For detailed steps on adding API permissions, see Microsoft’s documentation on how to add permissions to access web APIs.Assign the Service Principal (your registered Application’s identity in the tenant) at least one Azure AD role that will enable it to access the Reporting Web Service:
- Global Reader
- Global Administrator
- Exchange Administrator
For detailed steps on assigning Azure AD roles to a Service Principal (Application), see Microsoft’s documentation on how to assign Microsoft Entra roles. When assigning the role, you will search for your Application name (the Service Principal) to select it as a member.
If you encounter an error with
statusCode: 401and details showinghost:"reports.office365.com"andpath:"/ecp/reportingwebservice/reporting.svc/MessageTrace", this indicates the App Registration (Service Principal) is not correctly authorized to access the Office 365 Message Trace service.

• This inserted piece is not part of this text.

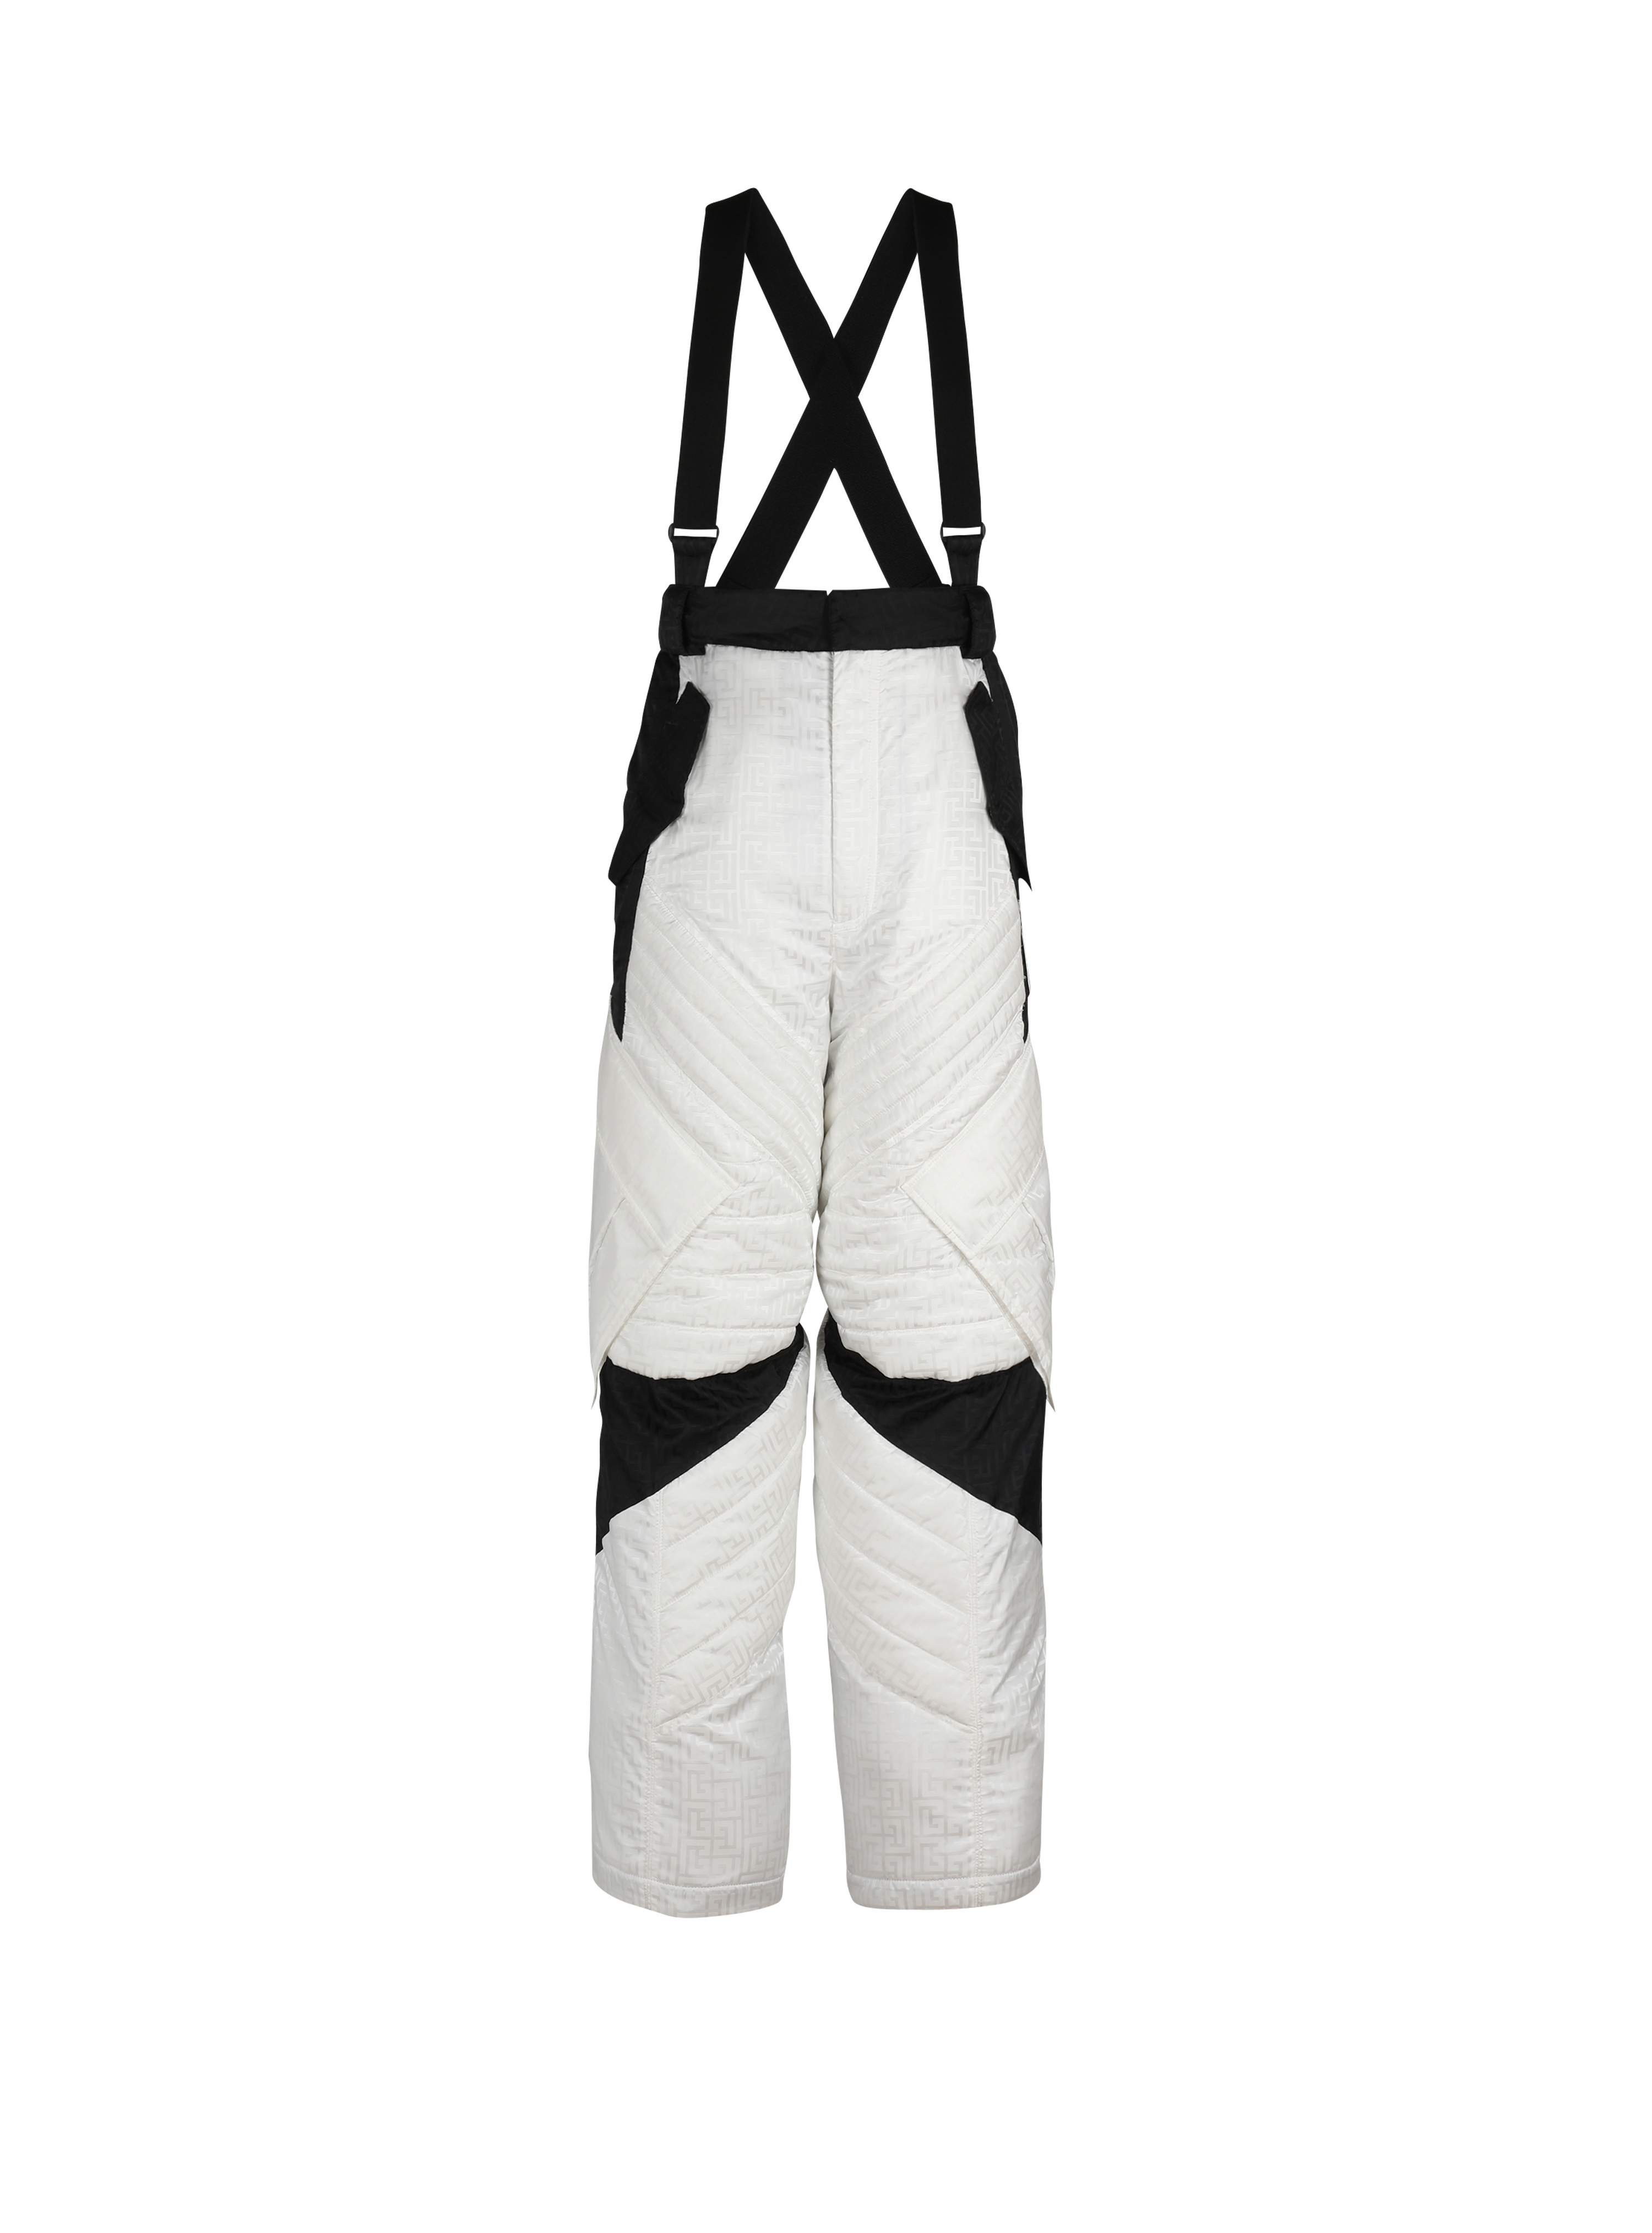 Balmain x Rossignol联名 - Balmain字母标识背带式滑雪裤, white

Configuring Cribl Stream to Receive Office 365 Message Trace Data
From the top nav, click Manage, then select a Worker Group to configure. Next, you have two options:
- To configure via QuickConnect, click Routing then QuickConnect (Cribl Stream) or Collect (Cribl Edge). Next, click Add Source and from the resulting drawer’s tiles, select Office 365 Message Trace. Next, click either Add Source or (if displayed) Select Existing.
- To configure via the Routes, click Data then Sources (Cribl Stream) or More then Sources (Cribl Edge). Select Office 365 Message Trace from the list of tiles or the Sources list. Next, click Add Source to open a New Source modal.
General Settings
Input ID: Enter a unique name to identify this Office 365 Message Trace definition. If you clone this Source, Cribl Stream will add -CLONE to the original Input ID.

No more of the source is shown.